On the Fence (part 1 of 2)

Sunday, December 19, 2010
Should you go out on a date with someone you pretty much know it won’t work out with? Not because he doesn’t look decently attractive or because you don’t think you’ll have anything to talk about, but because of one of those likely insurmountable issues that you know about in advance. Like he lives in Canada. I’m sure the answer depends on the particular situation.
So here’s mine.

I’ve exchanged a few emails with a guy on OK Cupid, and he’s one of those performer types, which means we have completely opposite schedules. He actually put in his profile that he’s run into trouble with 9-5 gals, who won’t stay out past 10p. He’s proposed going to a comedy show followed by his buddy’s bar. Tonight. Sunday night.

My immediate thought was that it sounded like a late night, for a school night. I’m normally sleeping around 10p on Sundays, plus I’ve been trying to get up and work out in the morning. And then I thought, that’s exactly what he had written in is profile. I'm a 9-5 gal.

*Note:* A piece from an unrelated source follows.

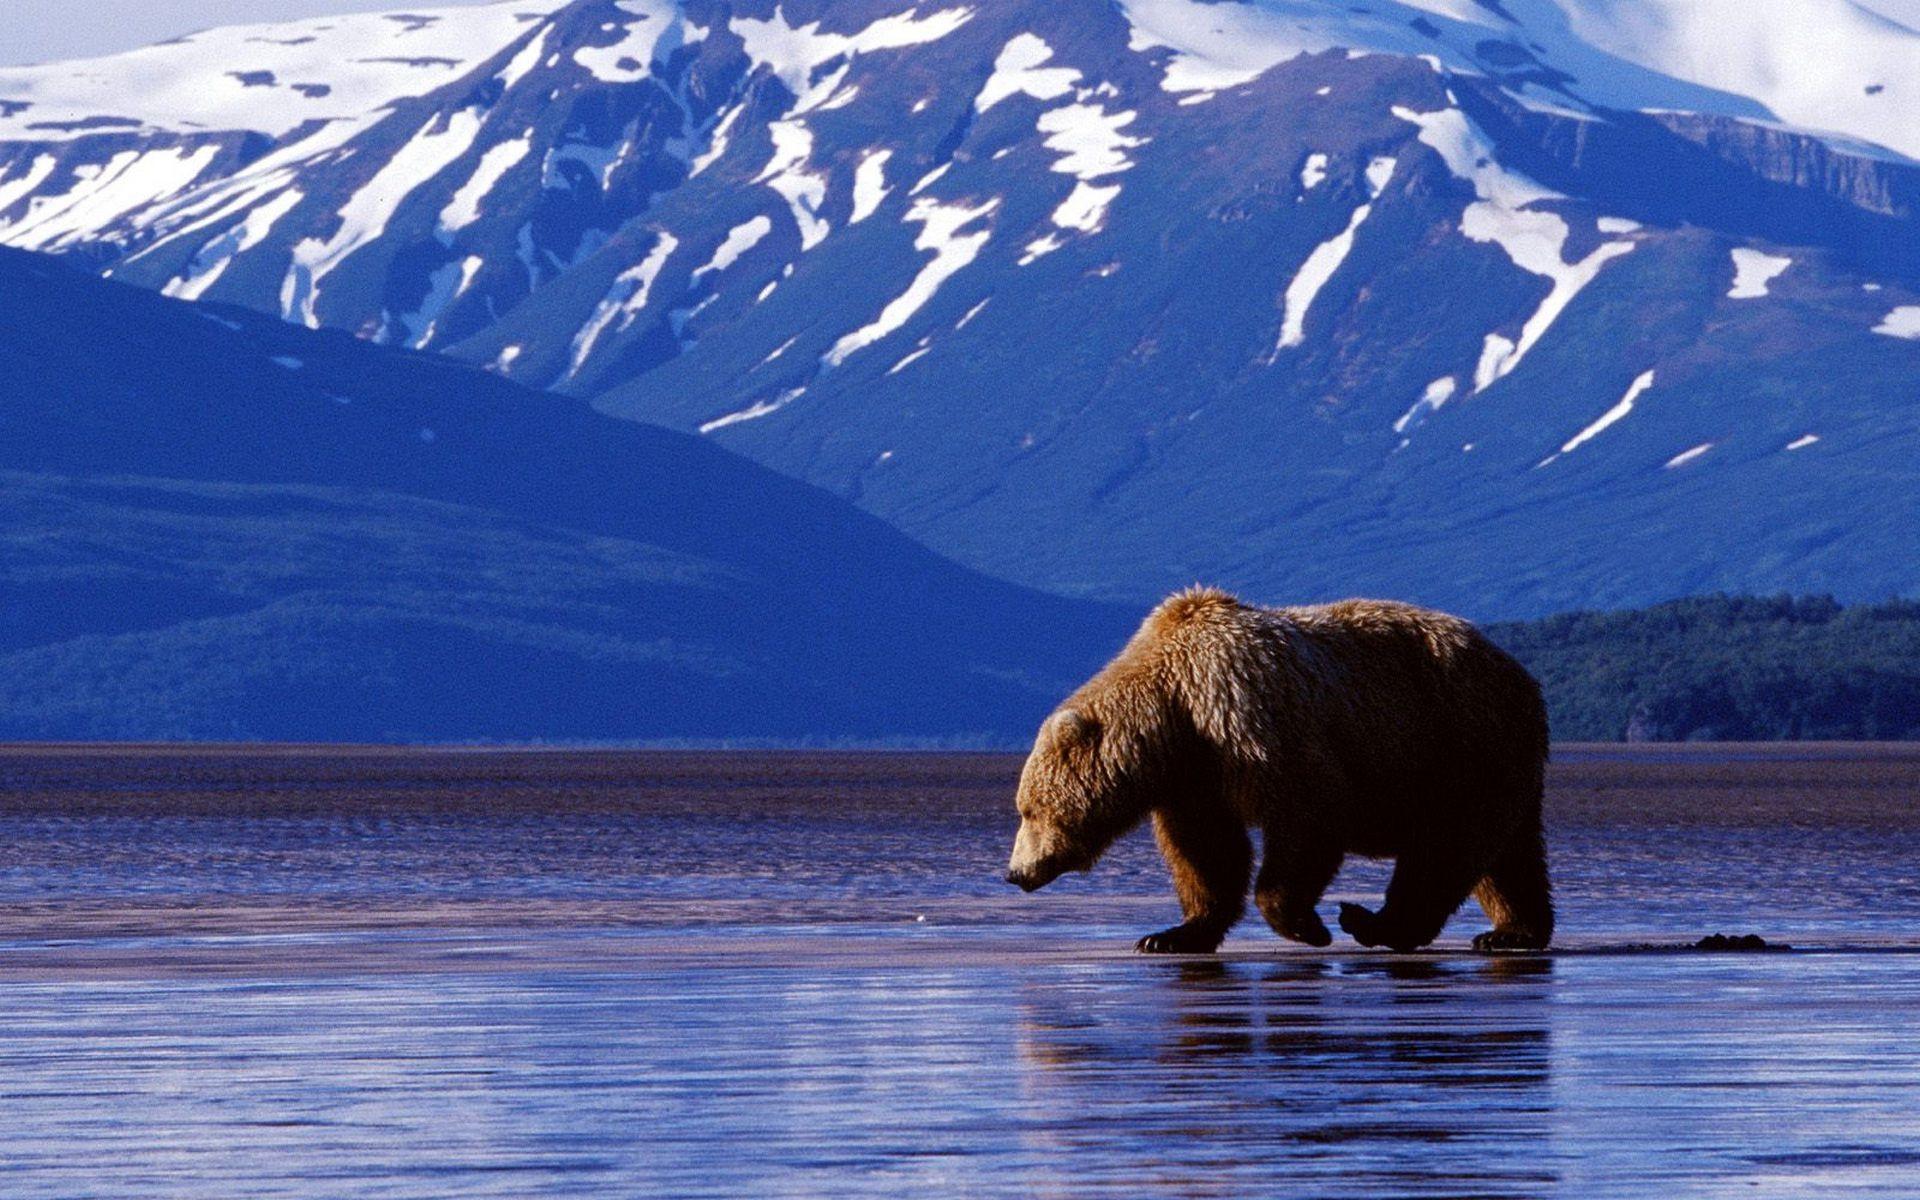 обои для рабочего стола россия медведь для рабочего стола № 206579 загрузить

I probably shouldn’t have even responded to The Performer's first email, because I’m a realist, and I’ve dated this type before. I remember it being sort of impossible to spend time with that guy, because as a musician he was always at work during my free time, and I was always sleeping (or working) during his. We didn’t have enough schedule overlap and it wasn’t something that could be fixed without one of us drastically changing our lifestyle.

I did engage in conversing with this new guy, though, because there’s always that voice in the back of my head (or maybe it’s coming from my friends) saying that “this could be the one” or “what would it hurt to just go meet him and see”.

I am surprisingly torn. I would like to meet him and I’ve been wanting someone to hang out with (although I was hoping for sushi snacks). Maybe I shouldn’t look a gift horse in the mouth. But let's say I stay out late(r) than I would normally to see if we have a connection. What then? I hate to end something before it starts, but I like going to bed early. I don’t send emails at 4:50am, which is when I got his date invite. The last time I saw that time it was Tuesday morning, and I was heading to spin class, not heading back from the bars.

Had I thought of this earlier I could have used a blog poll and solicited feedback from you, dear readers. As it stands, I should have already decided. Guess I’m headed out for a run. It’s the best self-deciding mechanism I have.

2 comments:

jo said...

that's a tough one. sounds like at best, this is just going to be a "just friends" thing. i guess it depends on whether you feel like changing your schedule for the night. so what did you decide?

Anonymous said...

I would probably want to start something with the hope of romantic love. But knowing all that I know now, I wouldn't. It might be fun in the beginning, but you'll be tired a lot of the time...which in my case leads to extreme grumpiness...which usually leads to the demise of the relationship. Just my humble opinion. I'm curious to see what you end up doing!!!